Cover Image for Researchers develop an open alternative to OpenAI's o1 reasoning model for under $50.
Thu Feb 06 2025

Researchers develop an open alternative to OpenAI's o1 reasoning model for under $50.

Researchers in artificial intelligence from Stanford and the University of Washington managed to train a "reasoning" AI model with less than 50 dollars in cloud computing credits.

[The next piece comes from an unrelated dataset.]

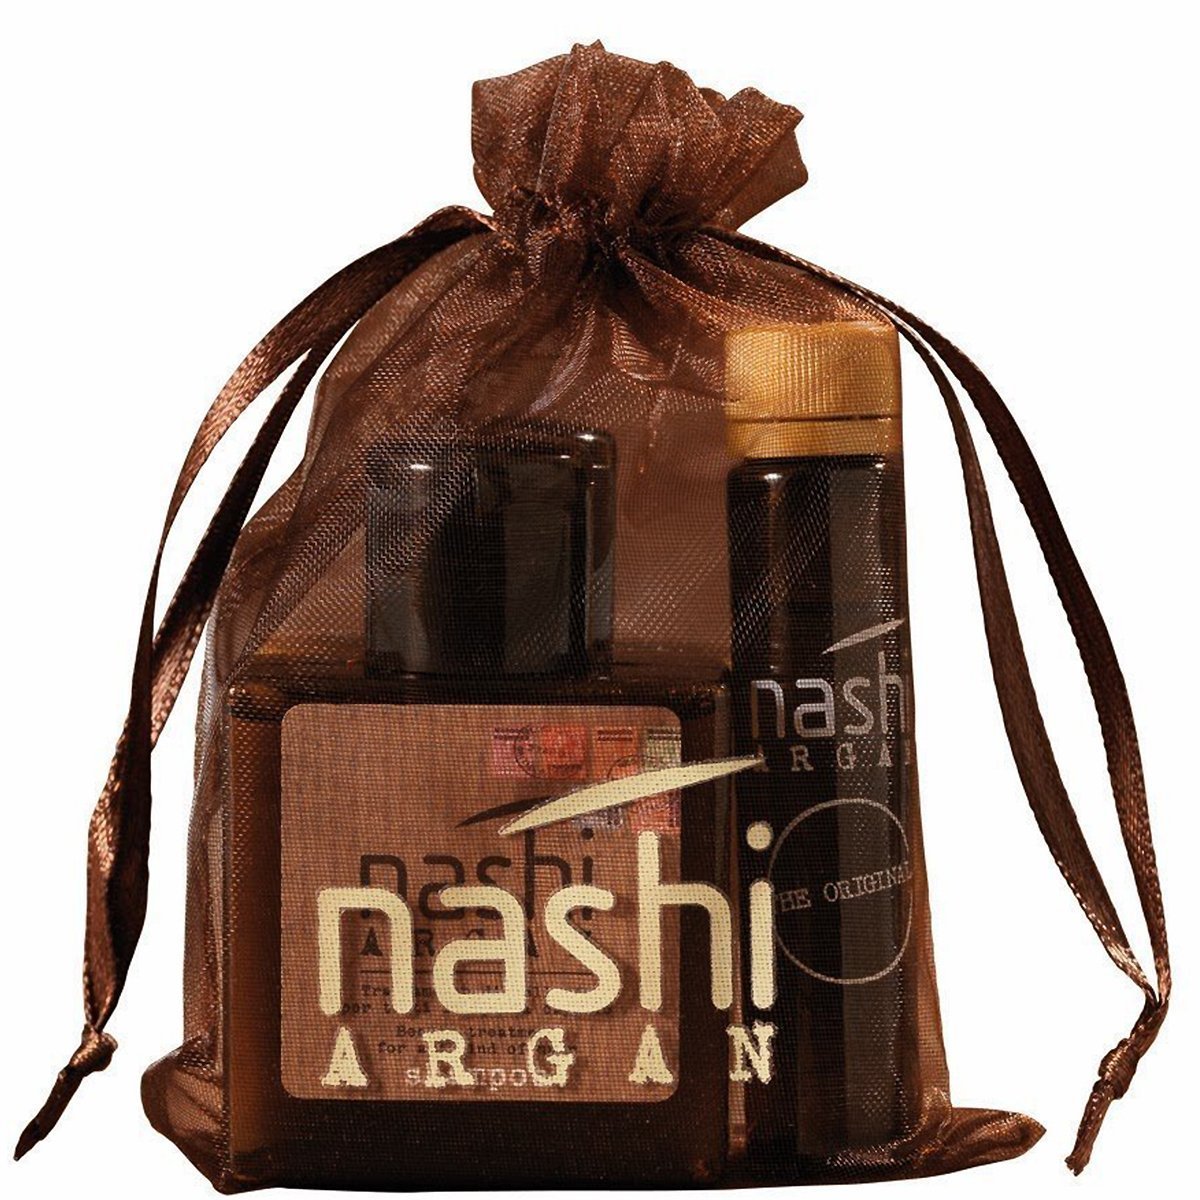 Nashi. Nashi Argan Travel Set. Nashi Argan дорожный набор для волос. Nashi Argan крем для волос. Мини наборы nashi Argan.
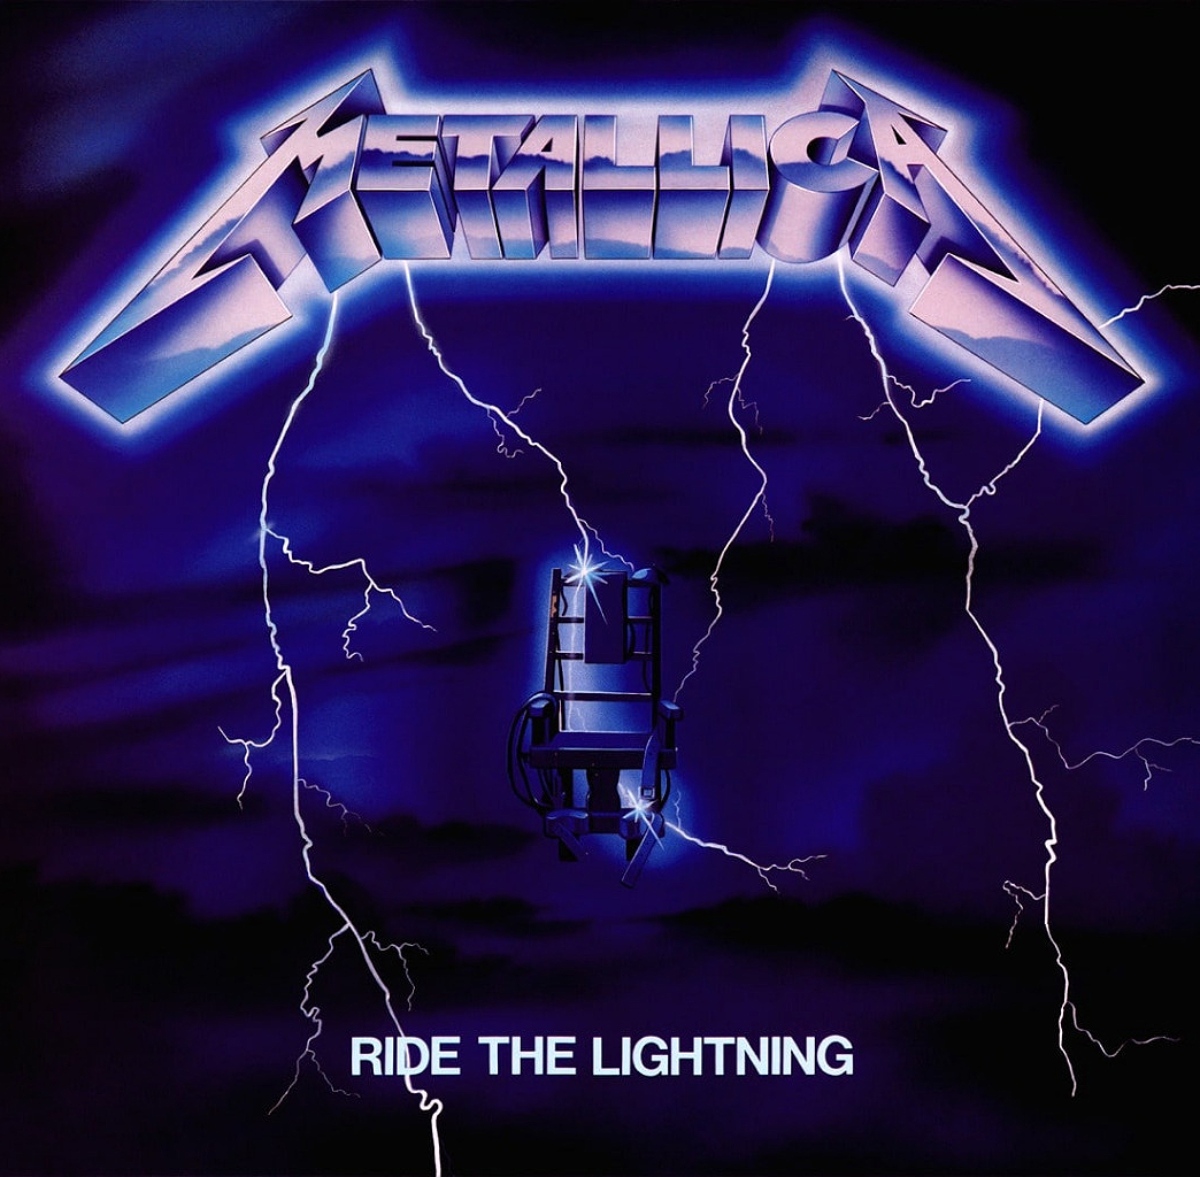 Capa do álbum 'Ride the Lightning' do Metallica

Artificial intelligence researchers at Stanford and the University of Washington have managed to train an AI-based "reasoning" model for less than $50 in cloud computing credits, according to a newly published research paper. This model, named s1, shows performance similar to advanced reasoning models such as OpenAI's o1 and DeepSeek's R1 in tests that measure mathematical and programming skills. The s1 model is available on GitHub, along with the data and code used for its training.

The team responsible for developing s1 began with a standard base model and then fine-tuned it using a distillation method that allows it to extract reasoning capabilities from another AI model by training on its responses. The s1 model is distilled from one of Google's reasoning models, known as Gemini 2.0 Flash Thinking Experimental. The same distillation methodology was used by researchers at Berkeley to create a reasoning model for approximately $450 last month.

The idea that some researchers, without large budgets, can innovate in the field of AI is promising. However, the s1 model raises questions about the commercialization of AI models. If it is possible to replicate a multi-million-dollar model with a relatively low investment, the protection of intellectual property in this field is called into question.

Major AI institutions, such as OpenAI, have expressed their displeasure. OpenAI has held DeepSeek responsible for the improper collection of data from its API in order to distill its model. The group that developed s1 sought a straightforward approach to achieving good reasoning performance and "test-time scaling," which allows the AI model to reflect longer before answering a question. These were some of the innovations of OpenAI's o1 model, which other AI labs have attempted to replicate using different techniques.

The paper on s1 suggests that reasoning models can be distilled with relatively small datasets through a process called supervised fine-tuning (SFT), where an AI model is instructed to imitate certain behaviors within a dataset. This method is often more cost-effective compared to the large-scale reinforcement learning used to train DeepSeek's R1 model, a competitor to o1.

Google provides free access to Gemini 2.0 Flash Thinking Experimental, although with daily usage limitations. However, Google's terms prohibit reverse engineering its models to develop services that compete with its own AI offerings. Google has been asked for a comment on this matter.

The s1 model is based on a small standard AI model from the Chinese lab Qwen, owned by Alibaba, which can be downloaded for free. To train s1, researchers created a dataset of 1,000 carefully selected questions, along with their answers and the "thinking" process behind each response, extracted from Google. After less than 30 minutes of training using 16 Nvidia H100 GPUs, s1 achieved notable performance on certain AI benchmarks.

Niklas Muennighoff, a Stanford researcher involved in the project, commented that today he could rent the necessary computing resources for around $20. The team used a trick to make s1 verify its work and increase its deliberation time: they simply instructed it to wait. Including the word "wait" during reasoning helped the model arrive at somewhat more accurate answers, according to the paper.

By 2025, companies like Meta, Google, and Microsoft plan to invest billions of dollars in AI infrastructure, part of which will be allocated to training next-generation AI models. This level of investment may be necessary to continue advancing AI innovation. Although distillation has proven to be a good method for economically recreating the capabilities of an AI model, it does not generate new models that are significantly better than those already available.